→ Try it: Word for word, restate the lines from the one holding "Chanel新款小件皮包,负担得起的高级感!" through the last line of the material below, and leave every picture out.

→ Stored data:
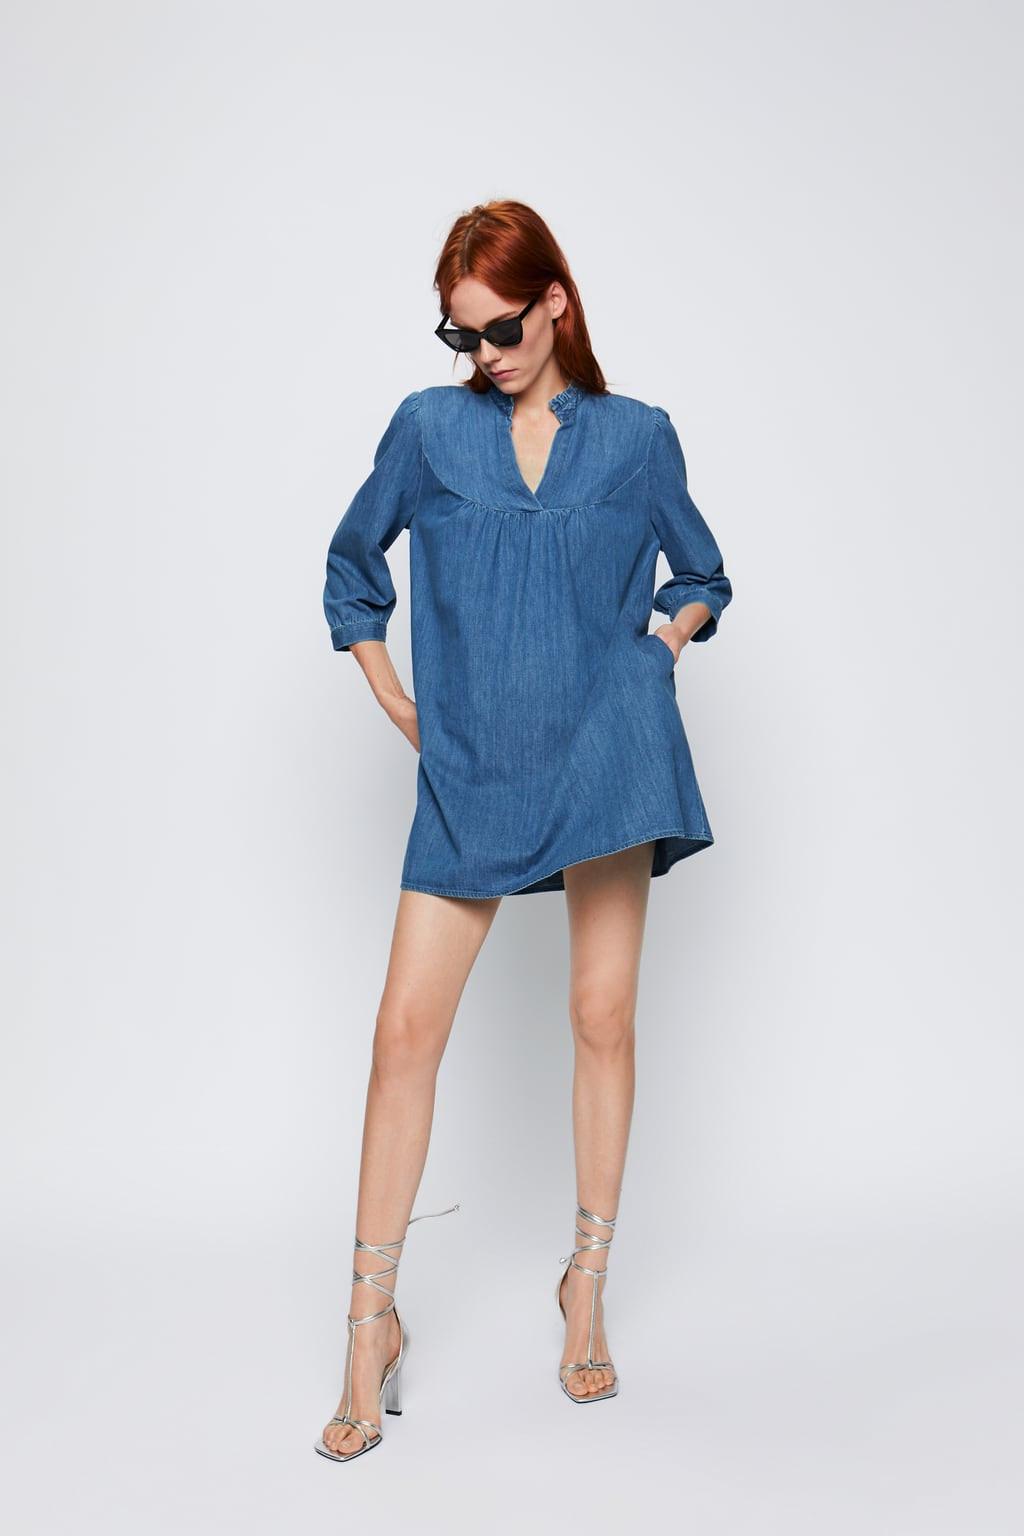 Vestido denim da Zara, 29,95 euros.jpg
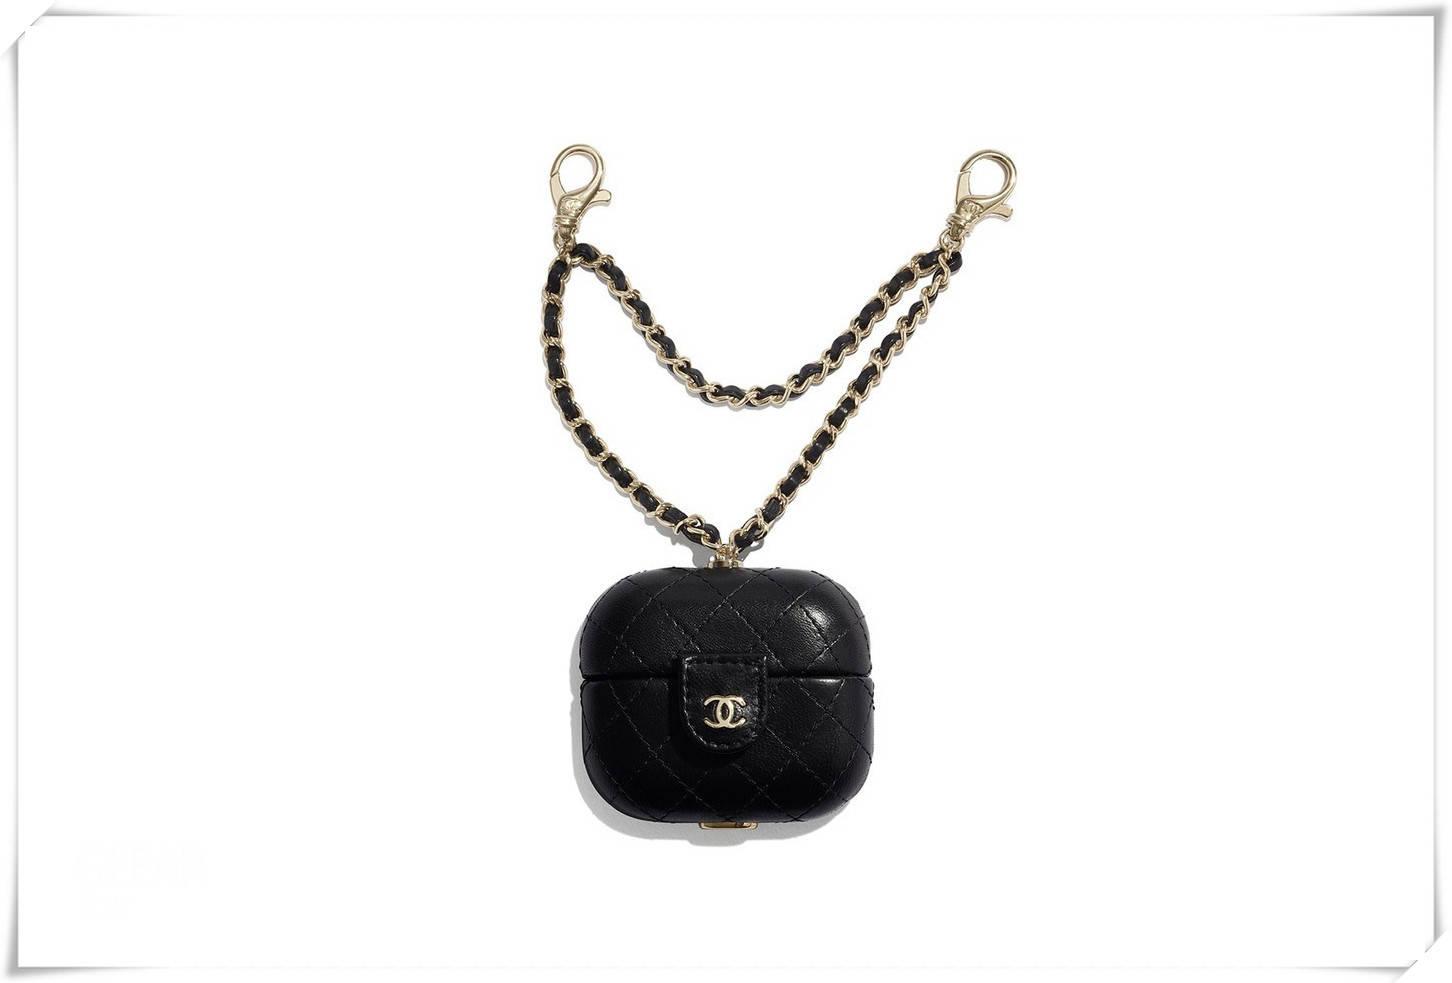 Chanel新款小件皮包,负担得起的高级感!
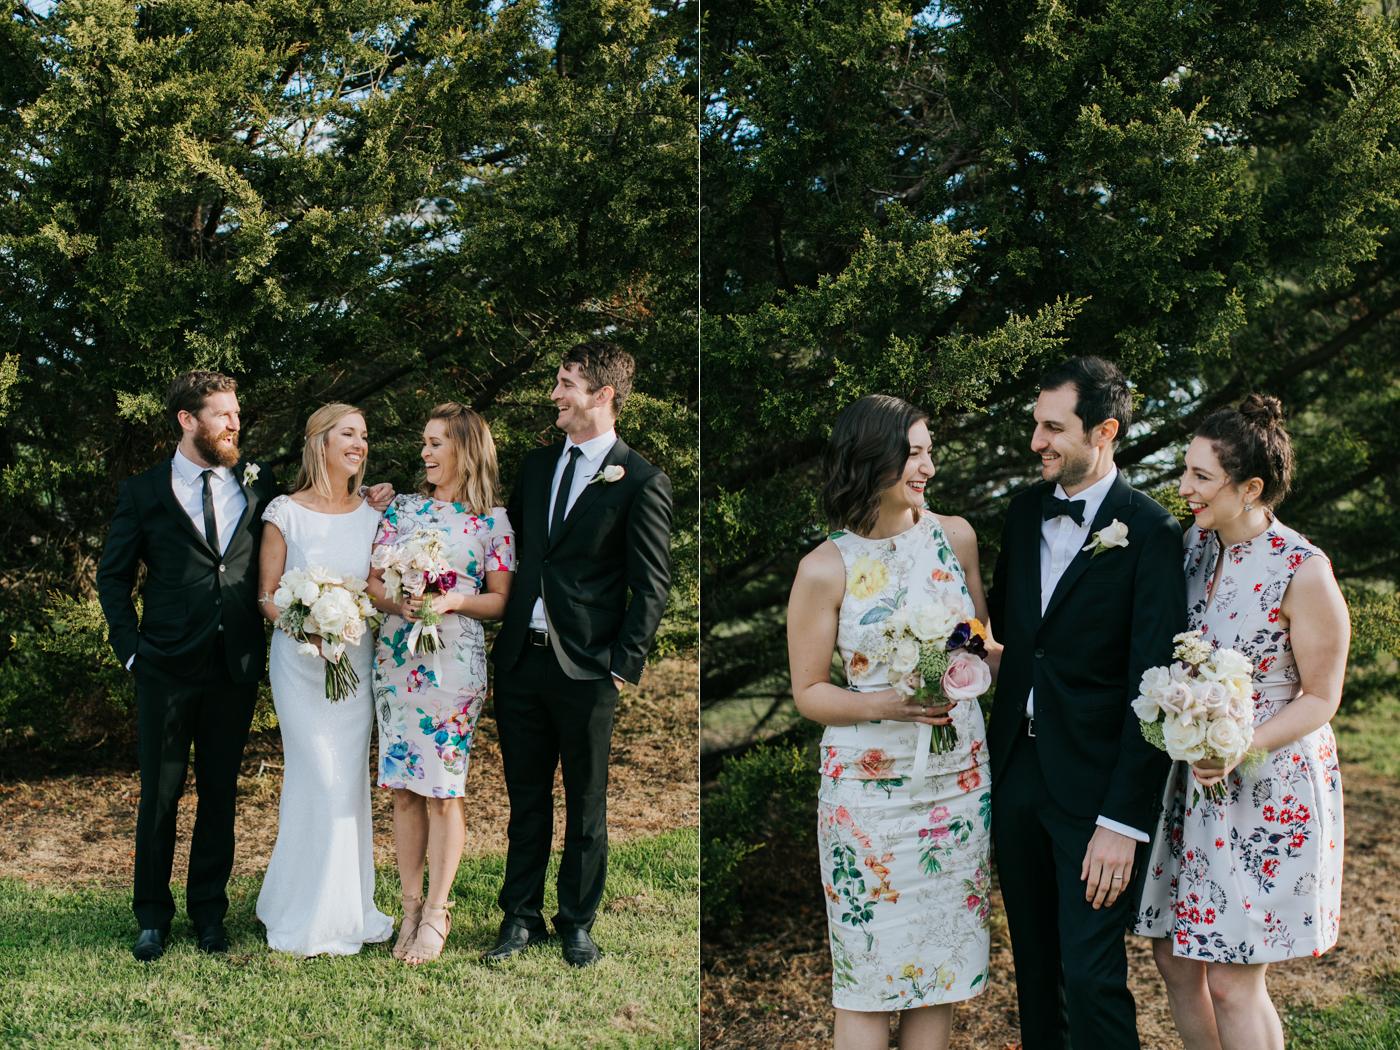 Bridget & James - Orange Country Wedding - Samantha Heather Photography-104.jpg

→ The completed task:
 Chanel新款小件皮包,负担得起的高级感!
 Bridget & James - Orange Country Wedding - Samantha Heather Photography-104.jpg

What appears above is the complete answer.